Source information -

++++++++

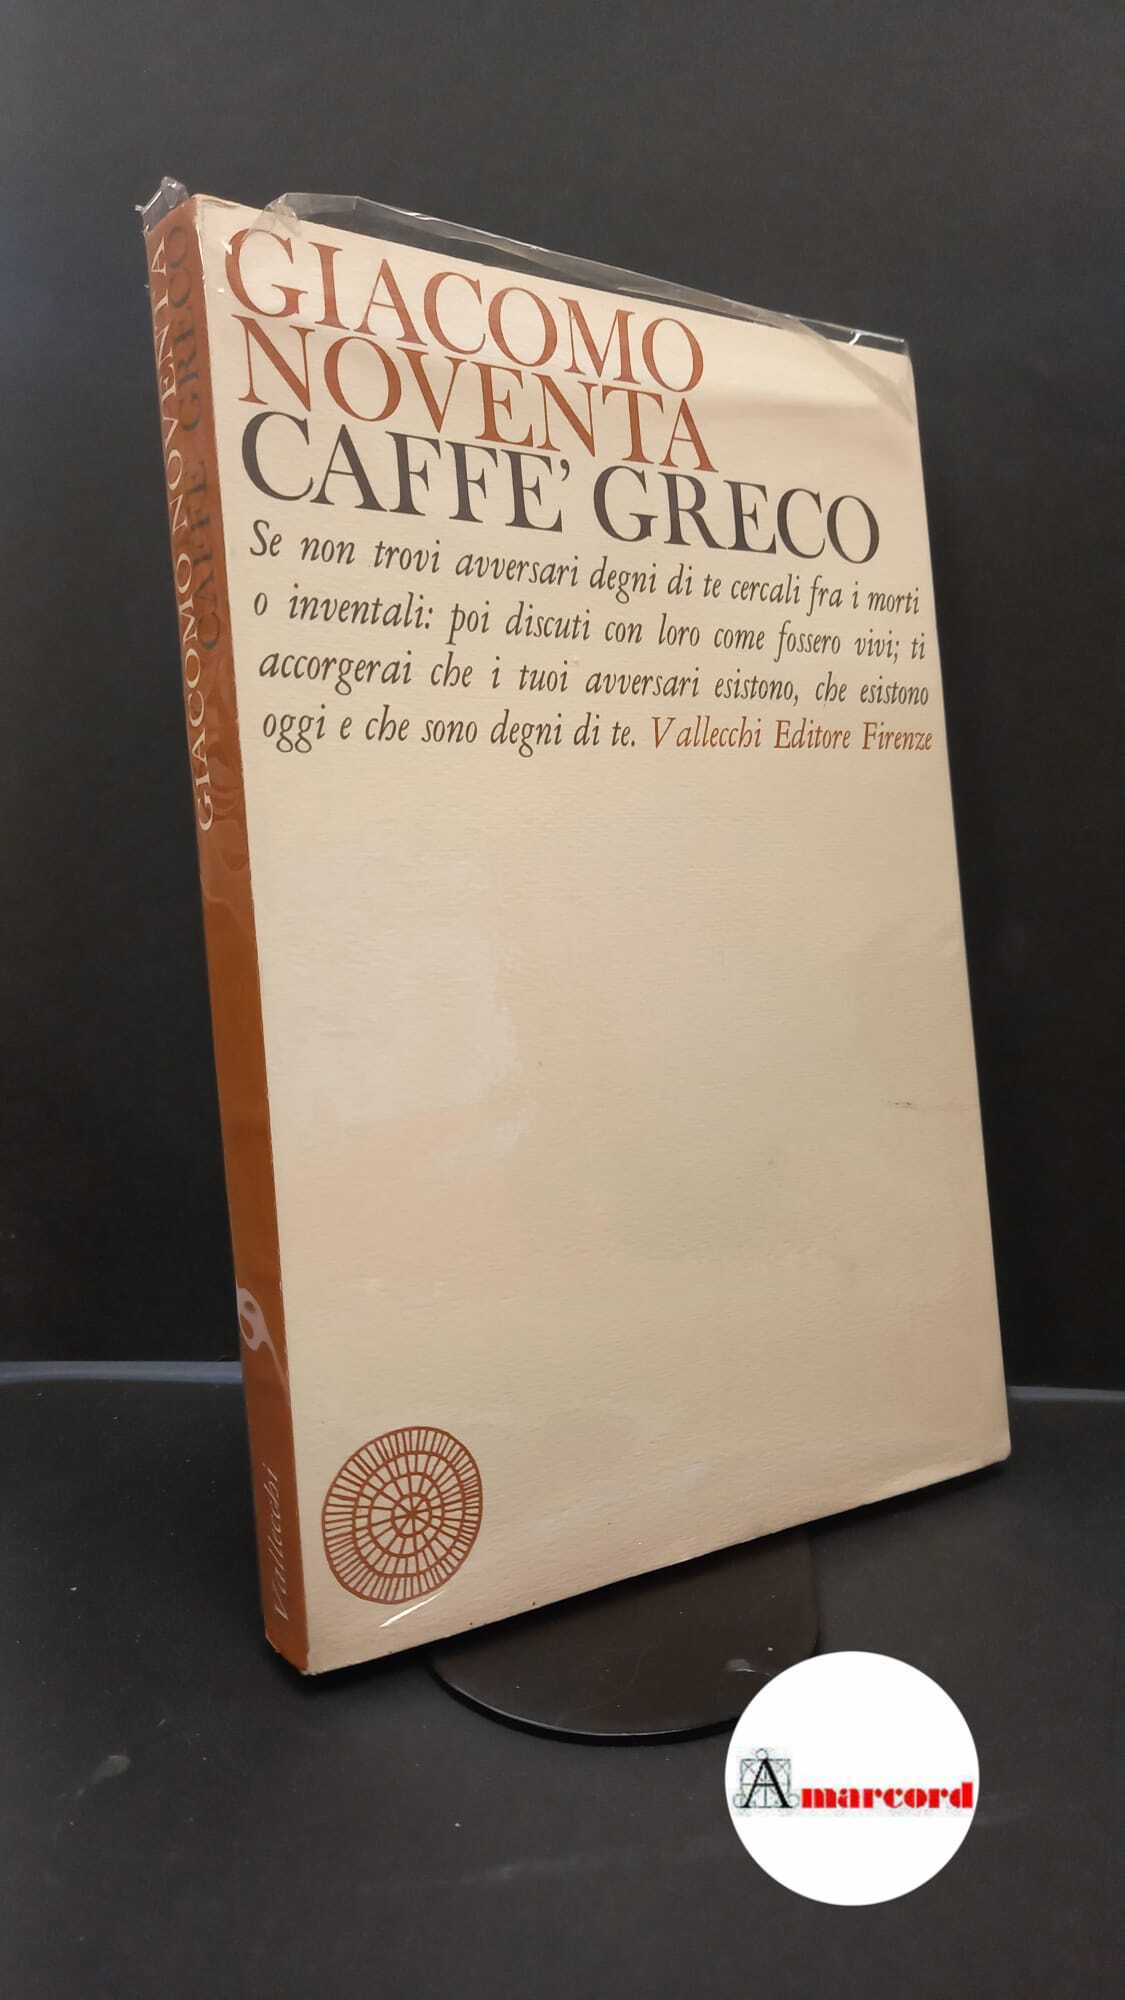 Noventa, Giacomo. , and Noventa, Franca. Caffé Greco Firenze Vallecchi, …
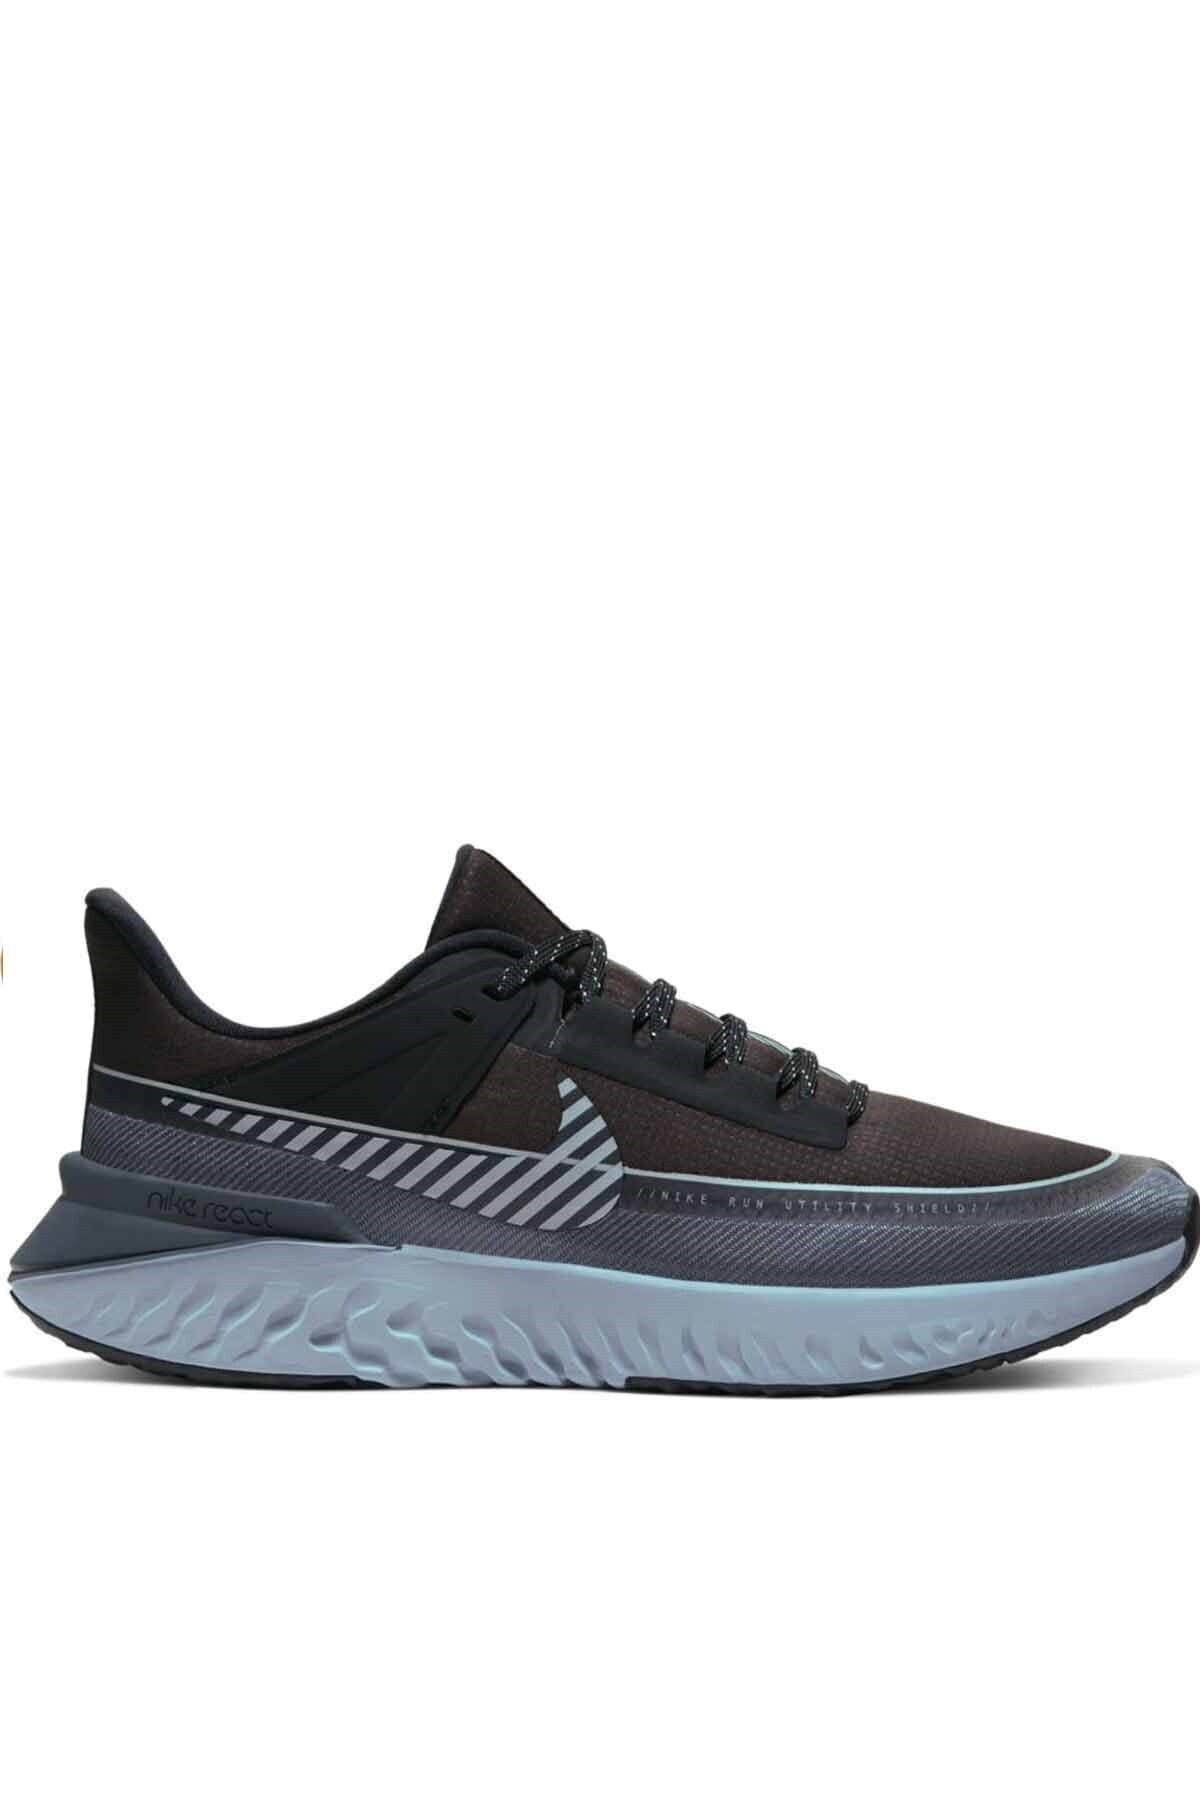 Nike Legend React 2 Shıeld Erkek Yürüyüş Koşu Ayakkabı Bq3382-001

++++++++

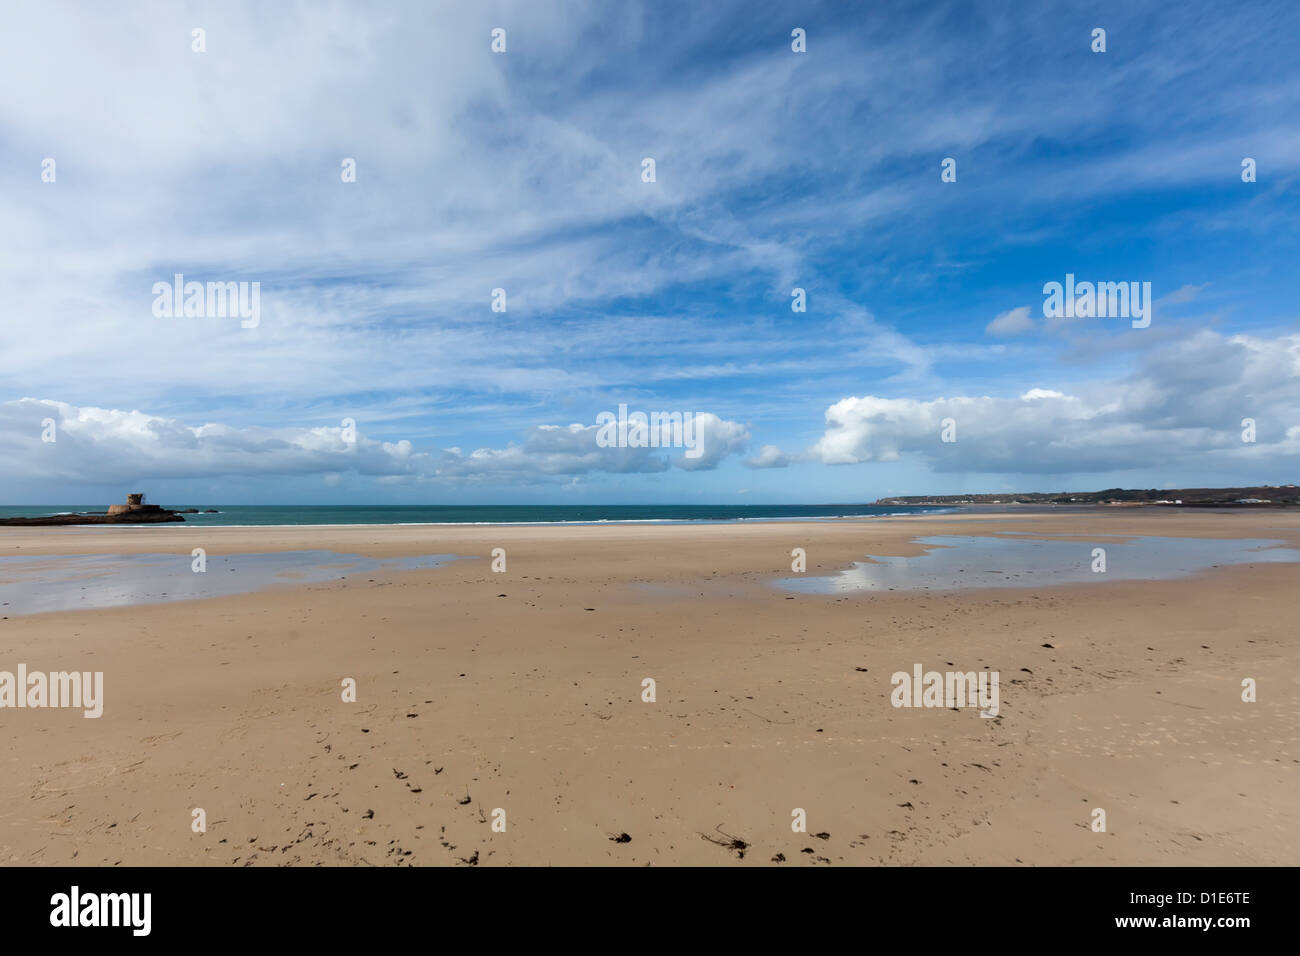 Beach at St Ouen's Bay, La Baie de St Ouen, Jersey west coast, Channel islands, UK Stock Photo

++++++++

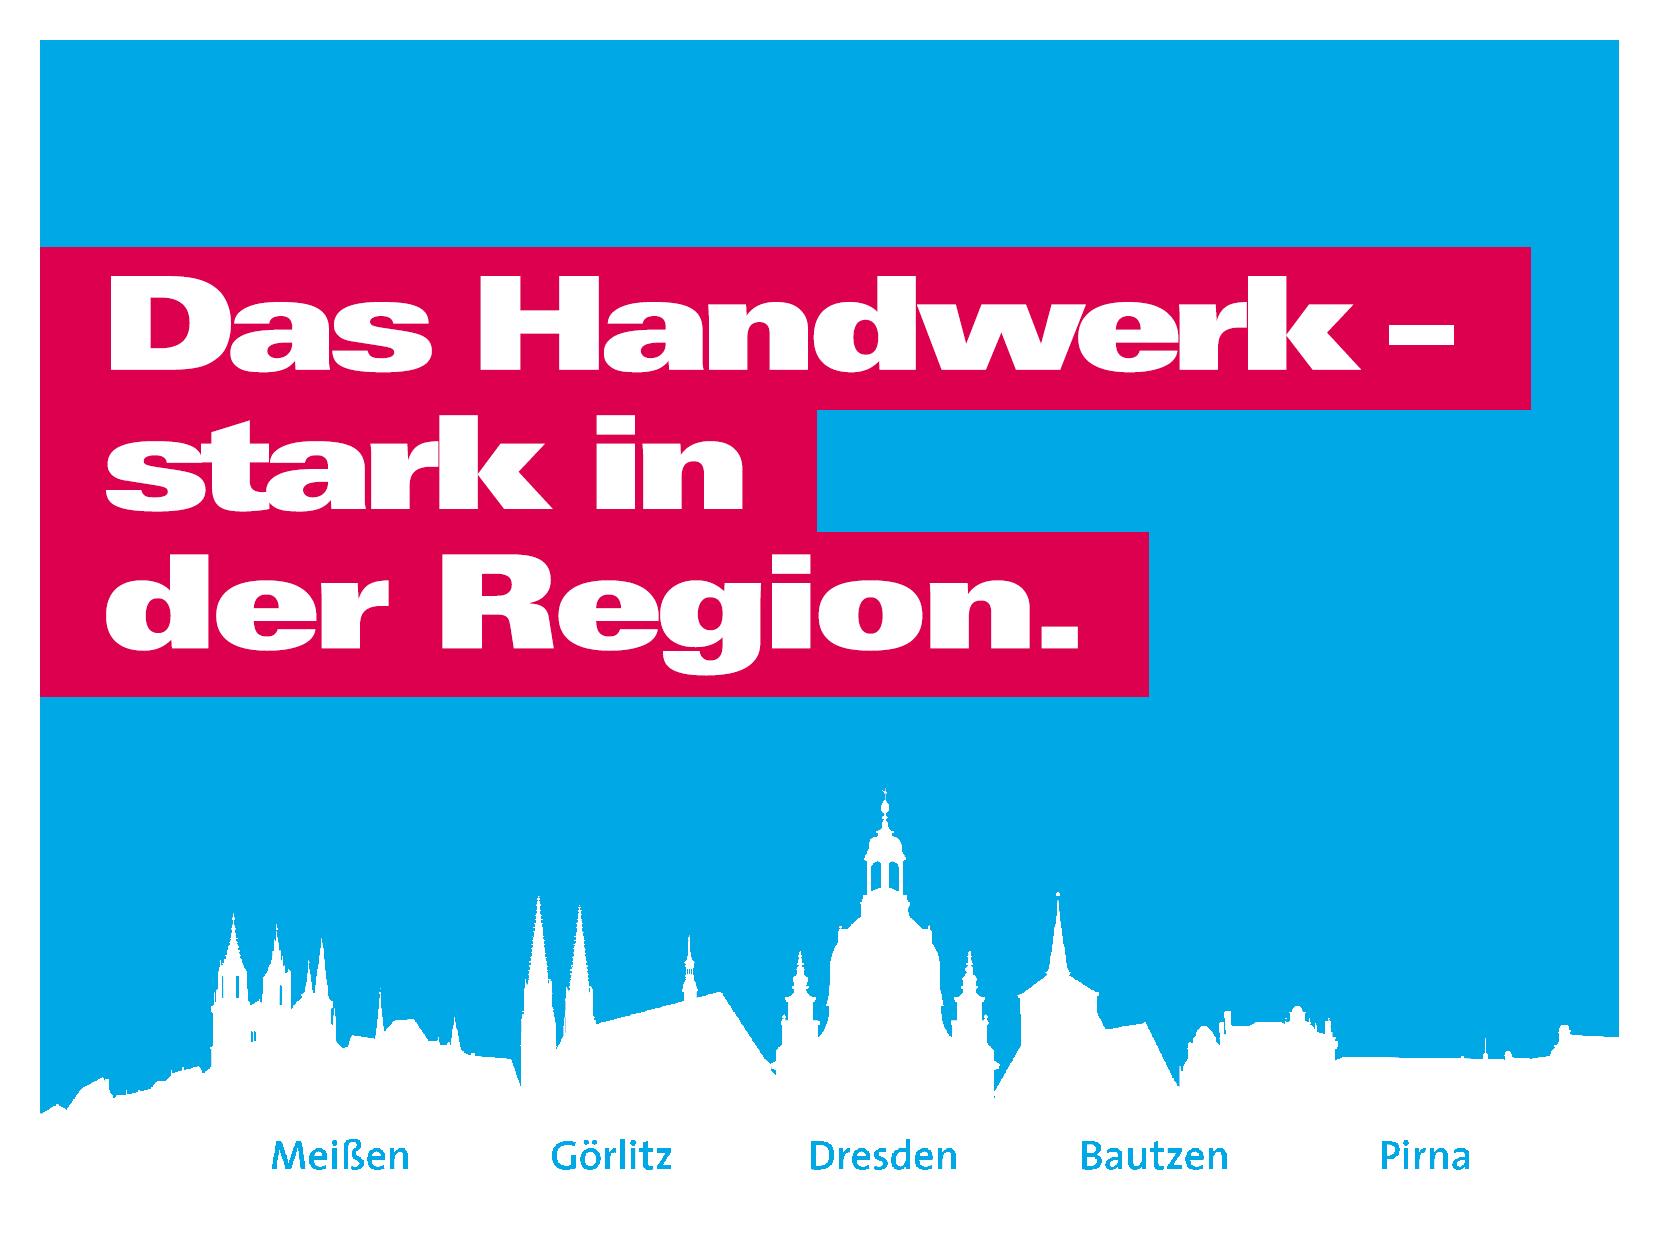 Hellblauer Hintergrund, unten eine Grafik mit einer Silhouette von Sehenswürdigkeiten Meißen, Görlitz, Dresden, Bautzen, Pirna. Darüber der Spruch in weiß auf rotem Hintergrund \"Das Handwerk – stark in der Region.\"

++++++++

Required action -
Restate the lines above from the one containing "Noventa, Giacomo. , and" through the one containing "Nike Legend React", inclusive, exactly and without pictures.

Finished task -
 Noventa, Giacomo. , and Noventa, Franca. Caffé Greco Firenze Vallecchi, …
 Nike Legend React 2 Shıeld Erkek Yürüyüş Koşu Ayakkabı Bq3382-001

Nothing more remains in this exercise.